ECR is committed to high standards of corporate governance and the Board complies with those guidelines of the Quoted Companies Alliance as are commensurate with the size of the Company, the nature of its activities and its stage of development.
The Board as a whole reviews actual and potential conflicts of interest of any of its members and the steps taken to mitigate the effects thereof.
The Directors are responsible for the Company’s internal control systems. Whilst no system can give absolute assurance against material loss or misstatement, the Group’s processes are designed, within the confines of the limited number of personnel employed, to provide reasonable assurance that issues are identified and dealt with in a timely manner.

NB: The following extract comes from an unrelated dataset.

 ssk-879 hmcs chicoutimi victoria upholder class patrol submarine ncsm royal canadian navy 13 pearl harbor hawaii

The Audit Committee comprises David Tang and Craig Brown. It meets when appropriate to assist the Board in meeting its responsibilities for external financial reporting and internal controls. It reviews the scope and results of the audit as well as the cost effectiveness, independence and objectivity of the auditors.
The Remuneration Committee comprises David Tang and Craig Brown and meets when appropriate to review and make recommendations on the remuneration arrangements including bonuses and options for the Company’s executive directors and senior staff, ensuring that it reflects their performance and that of the Group. The remuneration and terms of appointment of non-executive directors are set by the Board as a whole.

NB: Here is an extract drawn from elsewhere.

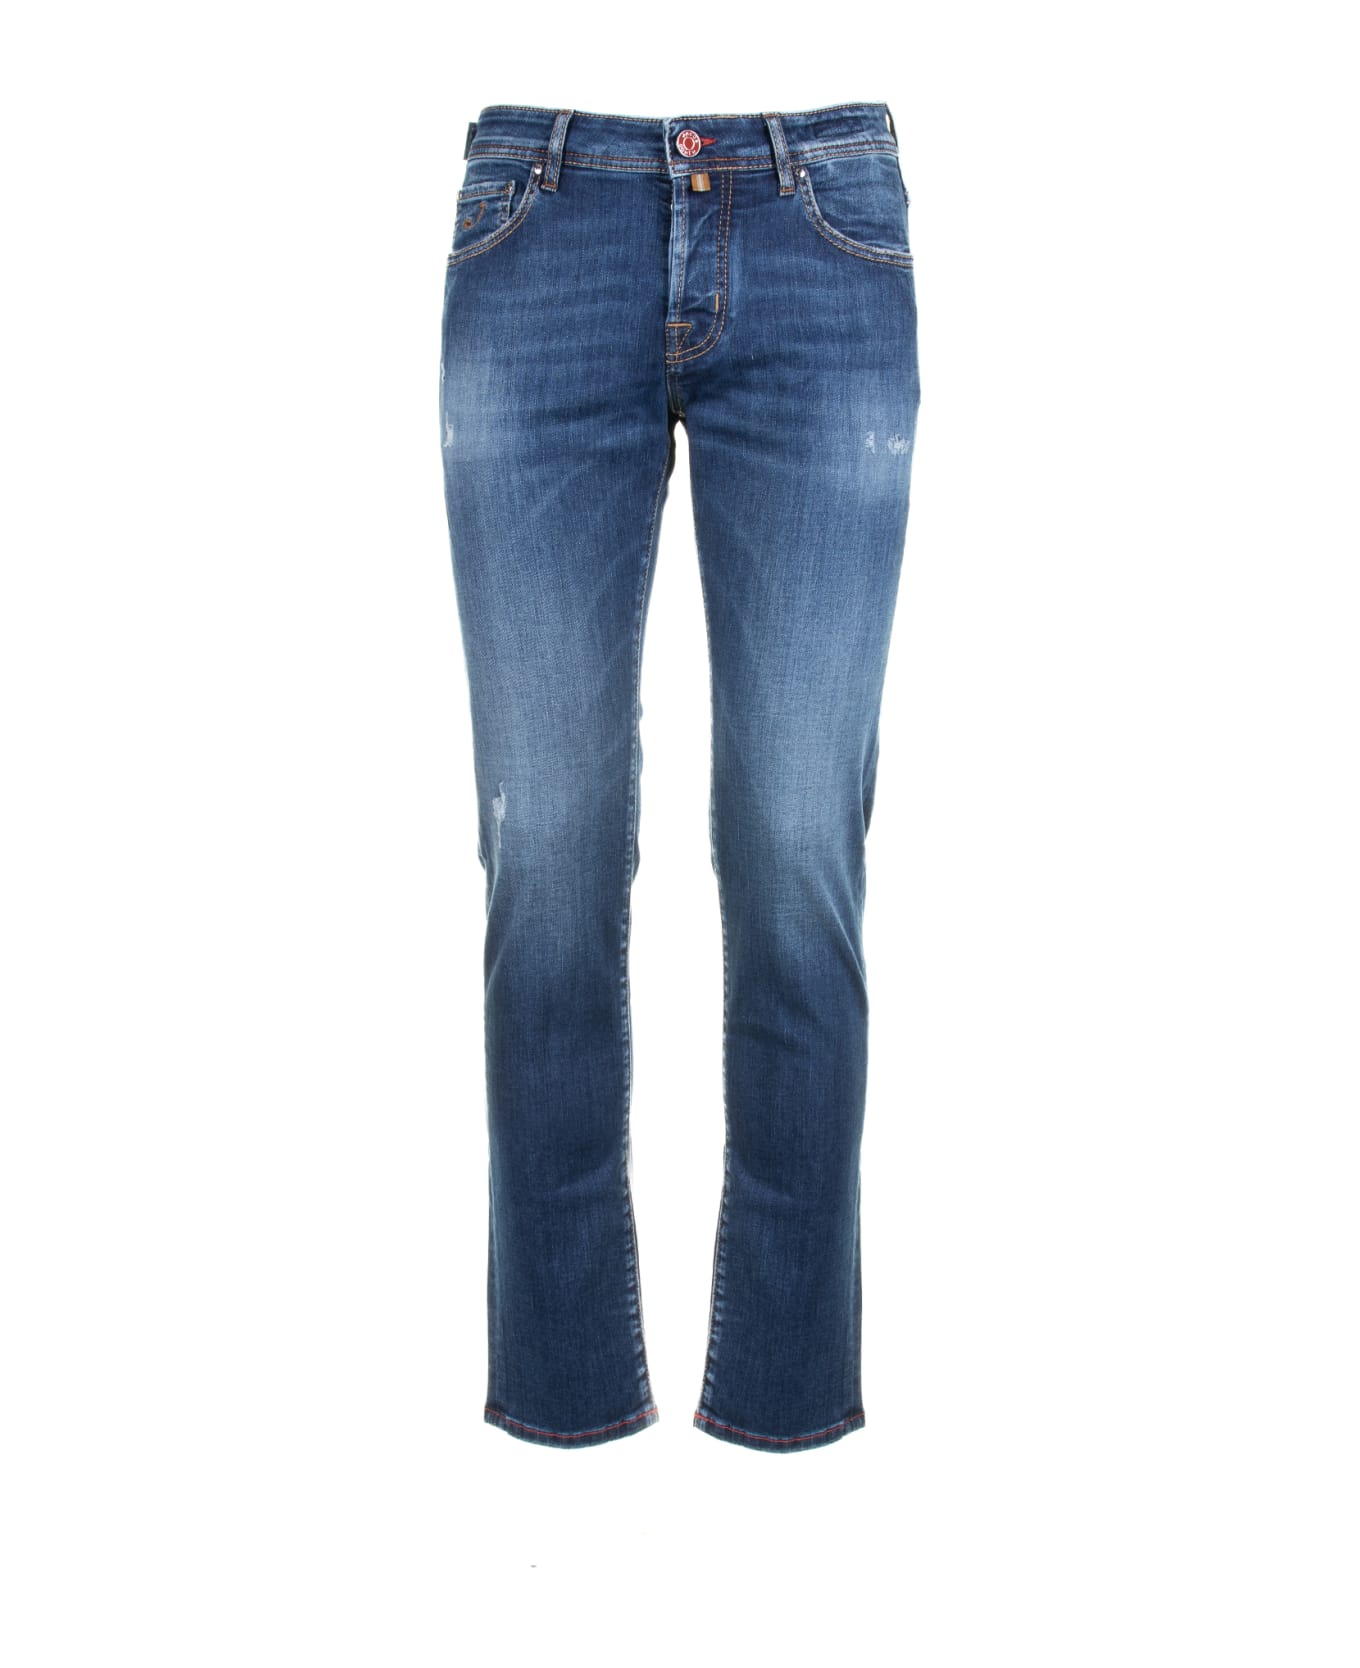 Jacob Cohen Jeans In Blue Denim With Small Tears - BLU INTERMEDIO

The Directors are responsible for preparing the Company's financial statements in accordance with applicable law and regulations. Company law requires the Directors to prepare financial statements for each financial year. The Directors have elected to prepare the most recent Group and Company financial statements in accordance with International Financial Reporting Standards (“IFRSs”) as adopted by the European Union and, as regards the Company financial statements, as applied in accordance with the provisions of the Companies Act 2006. Under company law the Directors must not approve the financial statements unless they are satisfied that the financial statements give a true and fair view of the state of affairs of the Group and the Company and of the profit or loss for that period. In preparing the financial statements the Directors are required to:
- select suitable accounting policies and then apply them consistently;
- make judgements and accounting estimates that are reasonable and prudentPrior approval of all capital expenditure;
- state whether applicable IFRSs as adopted by the European Union have been followed subject to any material departures disclosed and explained in the financial statements;
- prepare the financial statements on the going concern basis unless it is inappropriate to presume that the Company will continue in business.

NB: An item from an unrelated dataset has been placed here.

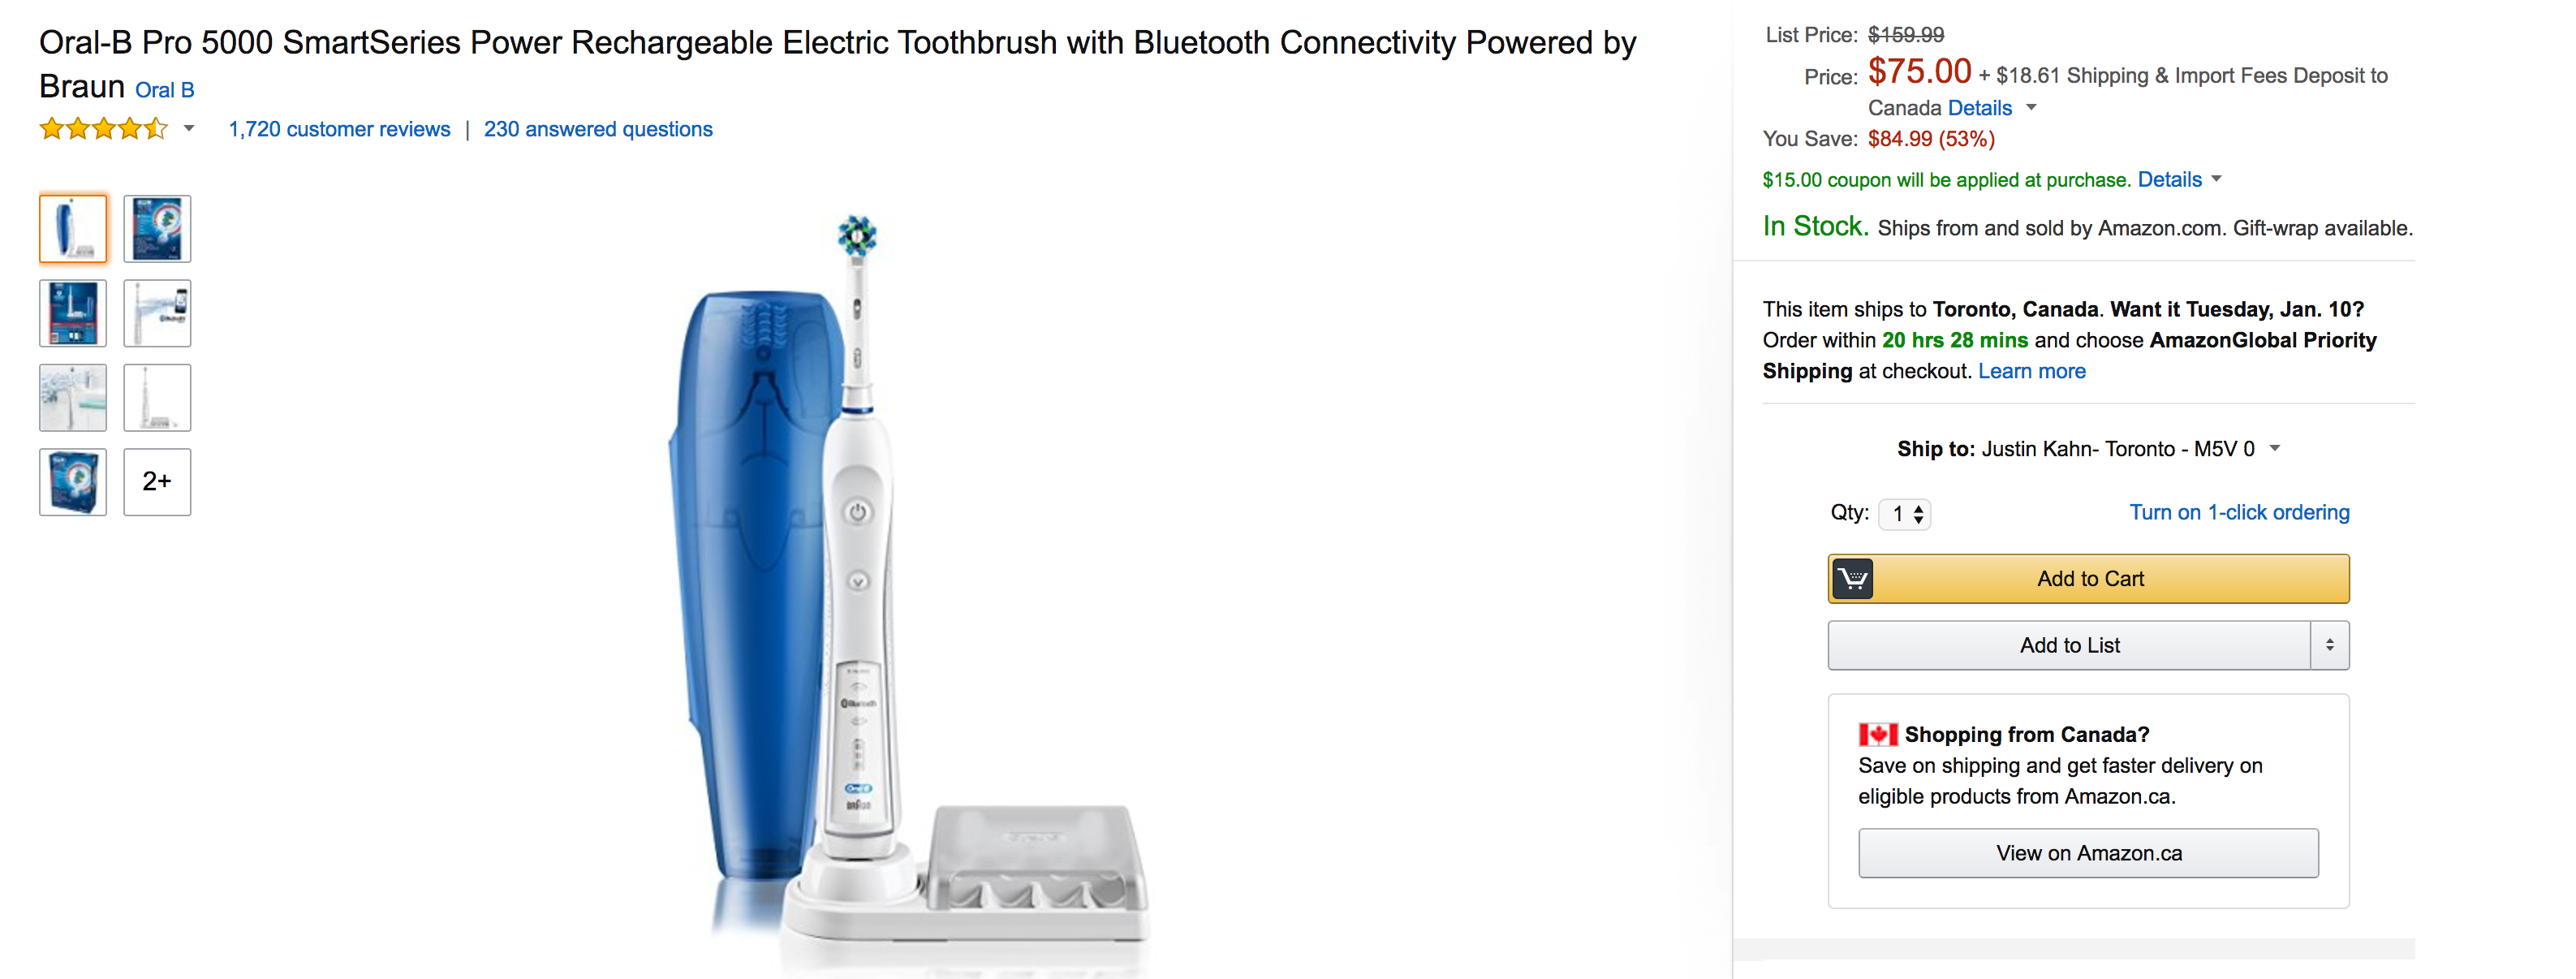 oral-b-pro-5000-smartseries-power-rechargeable-electric-toothbrush-3

The Directors are responsible for keeping adequate accounting records that are sufficient to disclose with reasonable accuracy the financial position of the Company and the Group and enable the Directors to ensure that the financial statements comply with the Companies Act 2006. The Directors are also responsible for safeguarding the assets of the Company and the Group and hence for taking reasonable steps for the prevention and detection of fraud and other irregularities.
The Directors are responsible for the maintenance and integrity of the corporate and financial information included on the Company’s website. Legislation in the United Kingdom governing the preparation and dissemination of the financial statements may differ from legislation in other jurisdictions.
The Directors are responsible for the preparation of a half-yearly financial report under AIM Rule 18. Accordingly, the Company and the Group's most recent condensed interim financial statements have been prepared in accordance with IAS 34, Interim Financial Reporting as adopted by the European Union and implemented in the UK. The condensed interim financial statements do not include all of the information required for annual financial statements, and should be read in conjunction with the annual financial statements.